On the other hand, you mention dynamic_cast and its ability to to perform downcasts. But downcasts are casts in the opposite direction: from a pointer to a base class to a pointer to derived class. Downcasts can be performed by both dynamic_cast and static_cast depending on what you need and what amount of run-time checking you require.
... And at the same time you ar talking about casting the result of new, which, of course, can only be upcasted, but not downcasted.
So, what is it you are asking about? Upcasts or downcasts?
all. I can't undestand why the bellow code need a cast to work. Someone can explain it?
class Base {
};
class Derived : public Base {
};
class Class {
public:
Derived member;
};
...
Derived obj;
Base *ptrObj = &obj; // ok, no cast needed
Derived Class::* ptr = &Class::member; // ok
Base Class::* ptr = &Class::member; // wrong, need cast, why?

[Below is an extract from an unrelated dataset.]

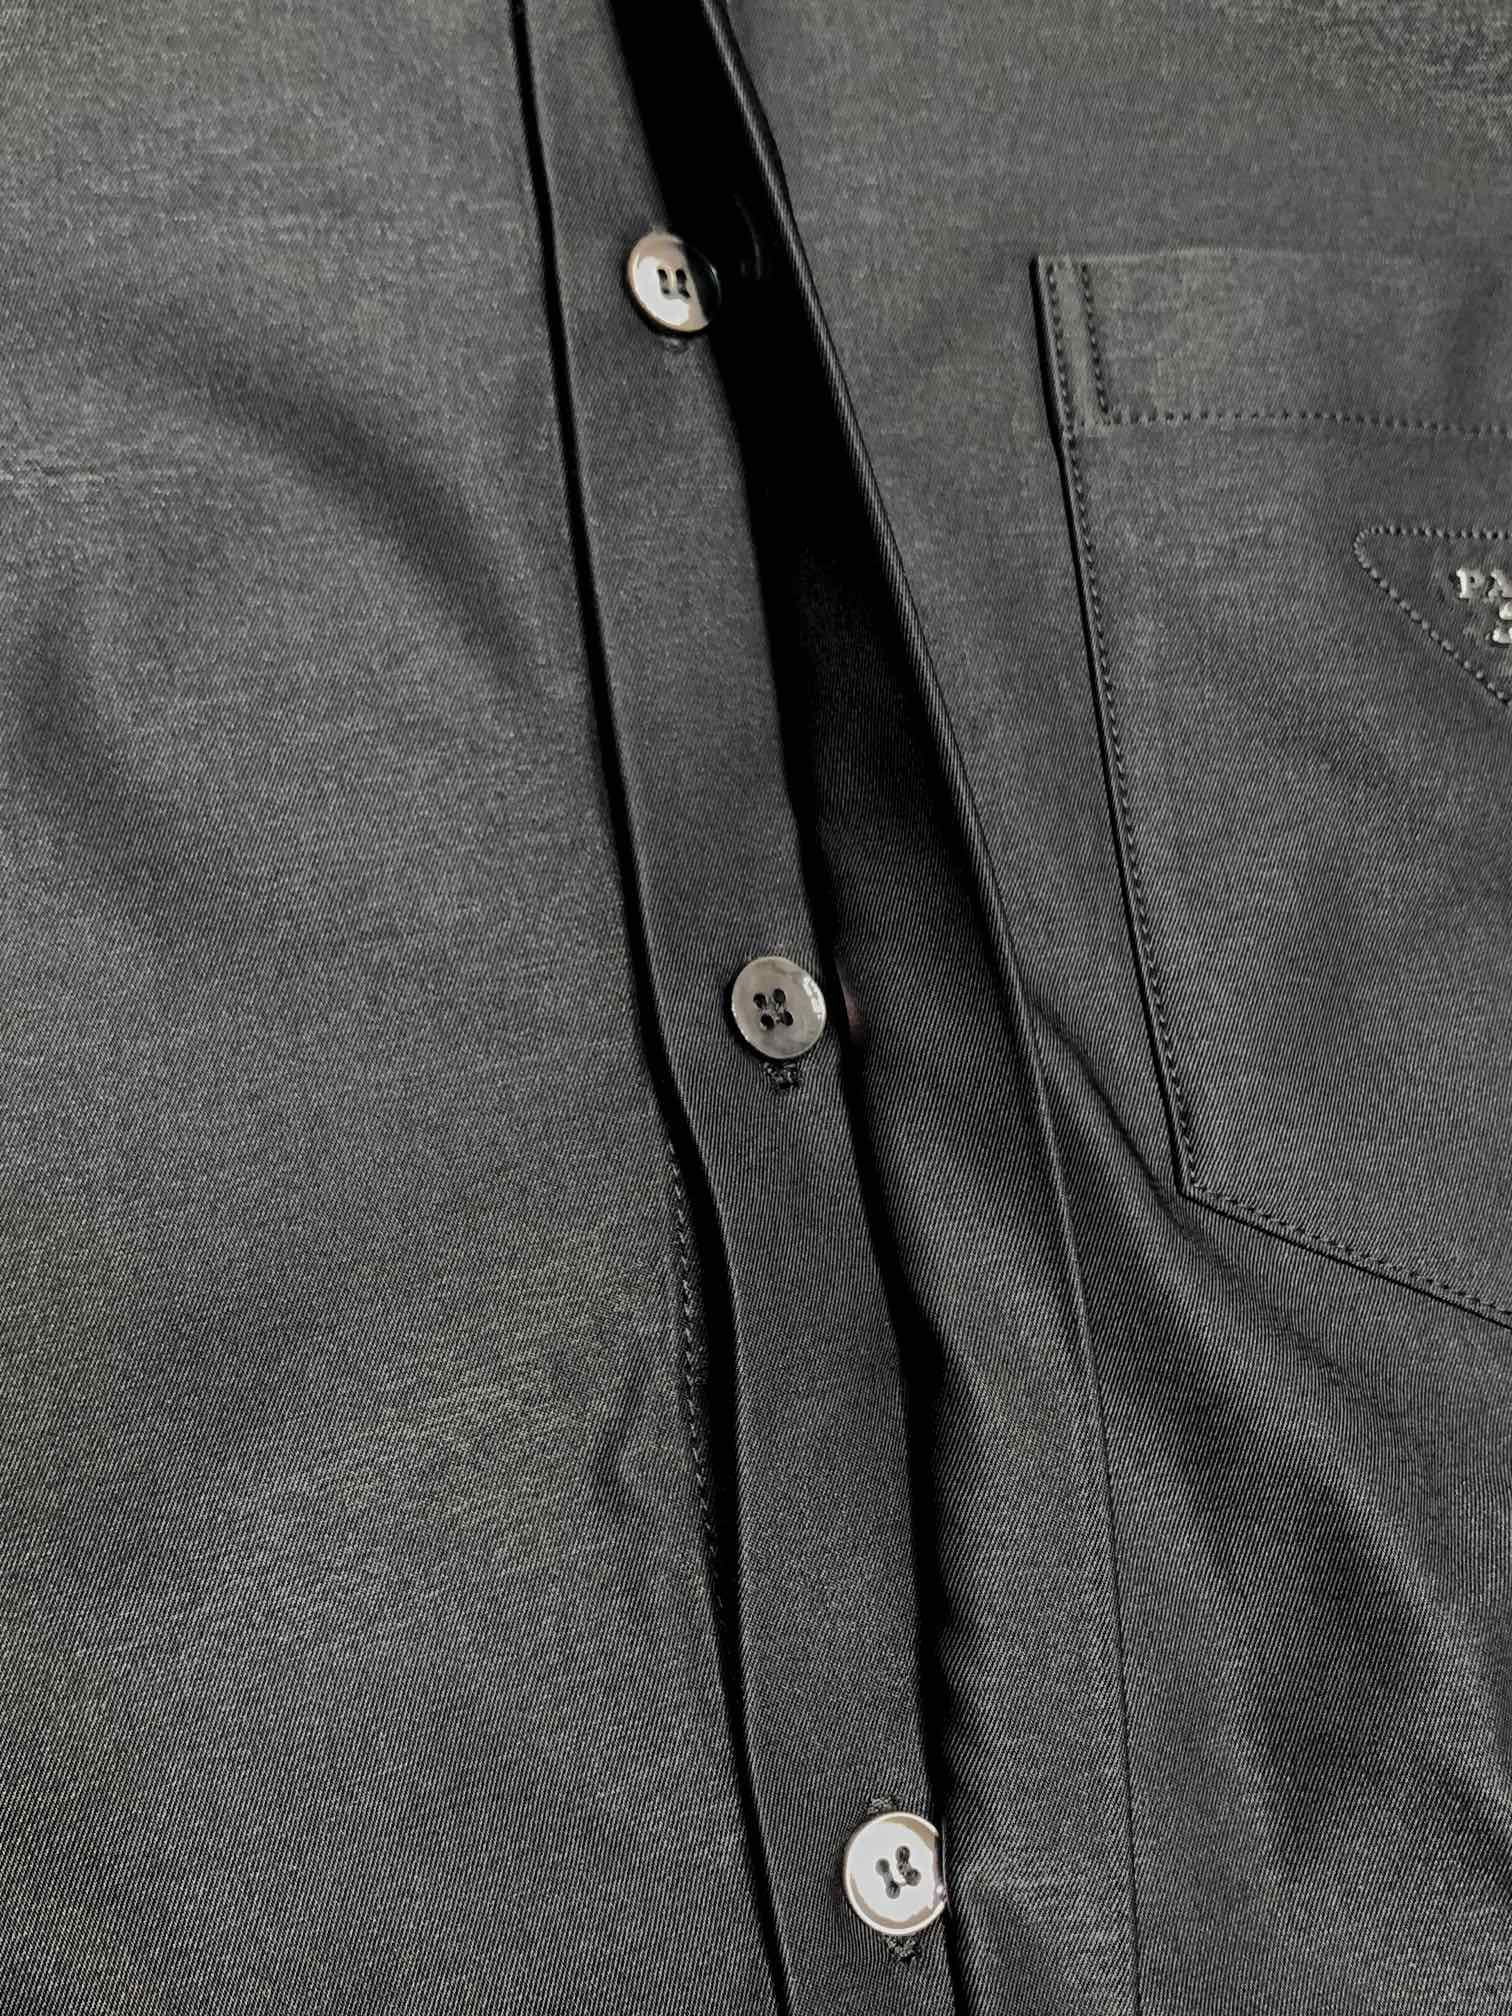 Prada普拉达独家专供最新春秋时尚翻领夹克经典设计感与颜值爆棚的外套品质更是无法挑剔品控可以直接入手不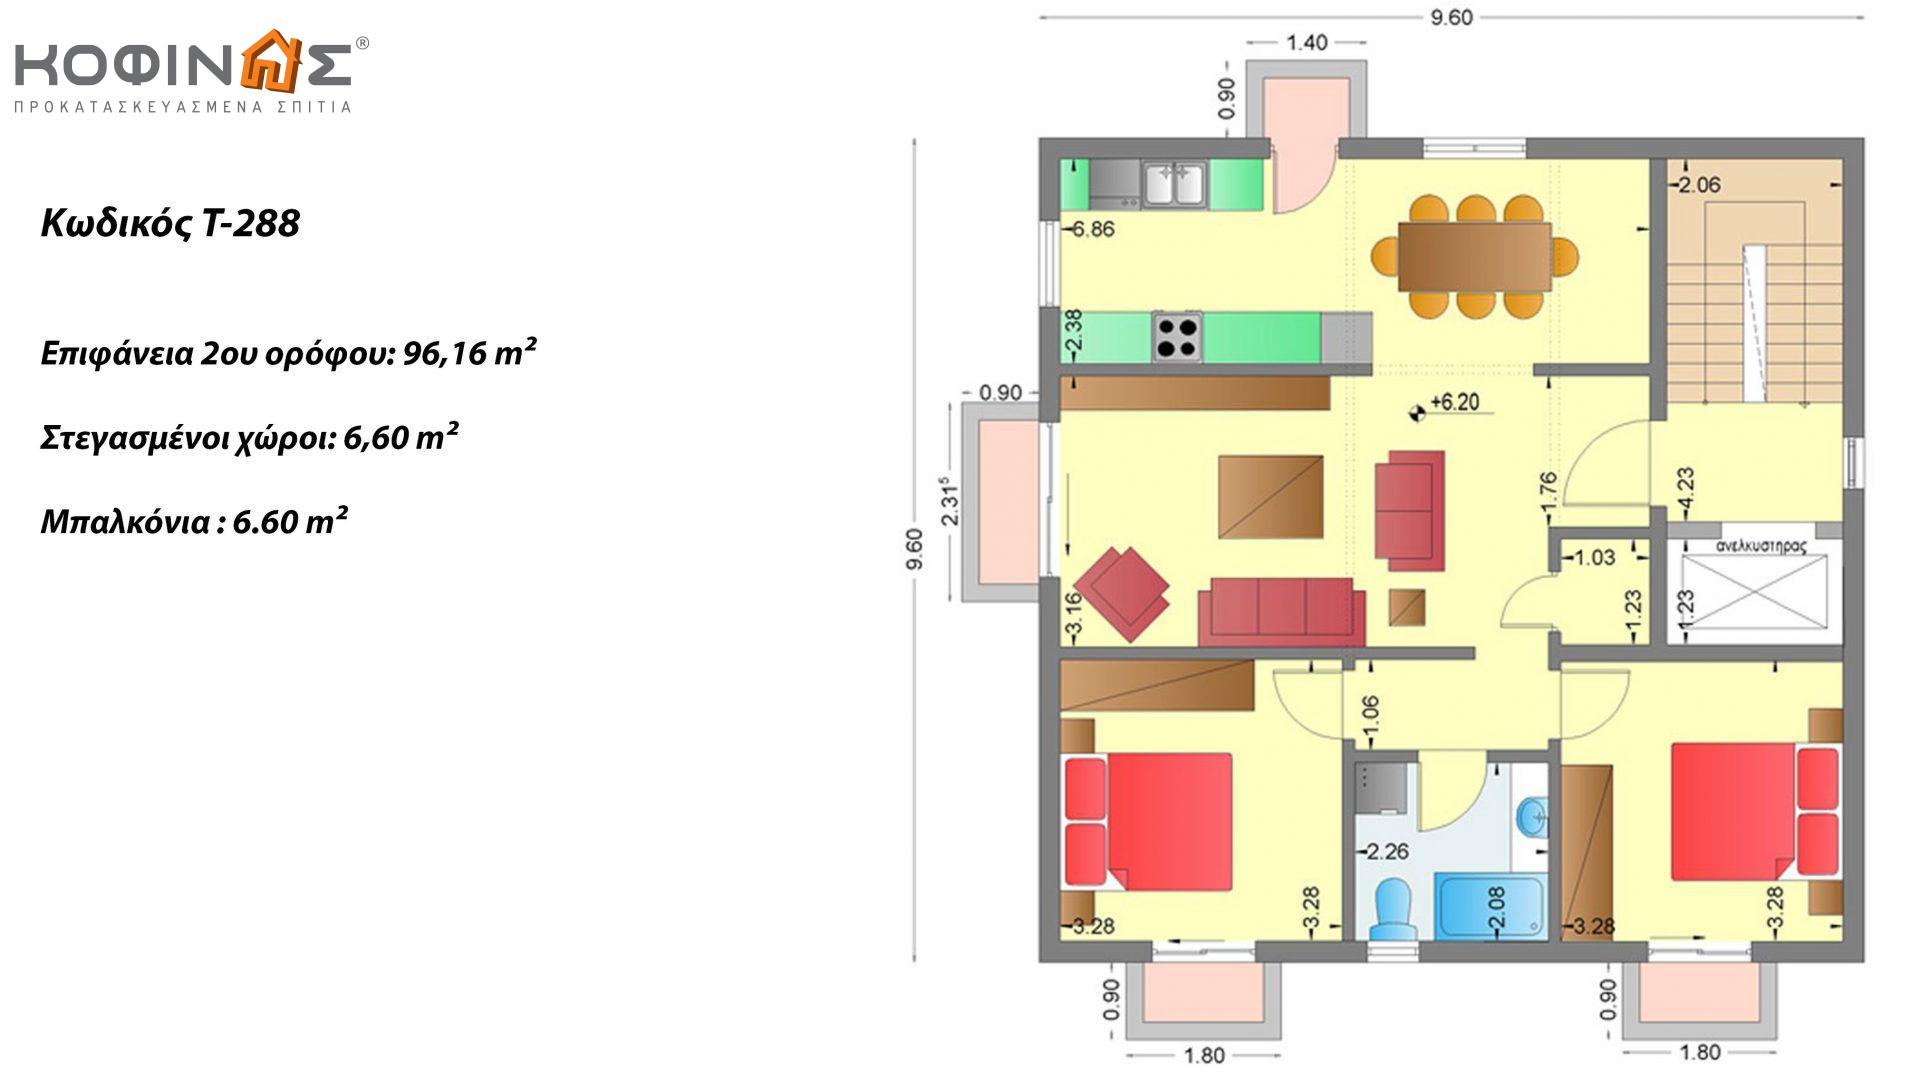 Τριώροφη Κατοικία T-288, συνολικής επιφάνειας 288,48 τ.μ. ,συνολική επιφάνεια στεγασμένων χώρων 13.20 τ.μ., μπαλκόνια 13,20τ.μ.

Because if Base were allowed (covariant), you could then do this, which is a no-no:
Base Class::* ptr = &Class::member;
Class obj;
obj.*ptr = Base(); // <-- assigned a Base into a Derived field?!
At the same time, pointers-to-members cannot be contravariant either, because otherwise you could do this, which is also a no-no:
struct Class2 {
Base member;
};
Derived Class2::* ptr2 = &Class2::member;
Class2 obj2;
obj2.member = Base();
Derived& d = obj2.*ptr2; // <-- assigned a Base into a Derived
So, pointers-to-members are neither covariant nor contravariant, but are invariant: the type must match exactly.
Ok, I got your point Chris, but your first example works for ordinary pointers. Why should it not work for member pointers too? See the code bellow.
Derived obj;
Base *ptr = &obj;
*ptr = Base(); // it's weird, but ok
The second example will not work even for ordinary pointers, since downcasting is not allowed without cast. So I don't think that should be a explanation.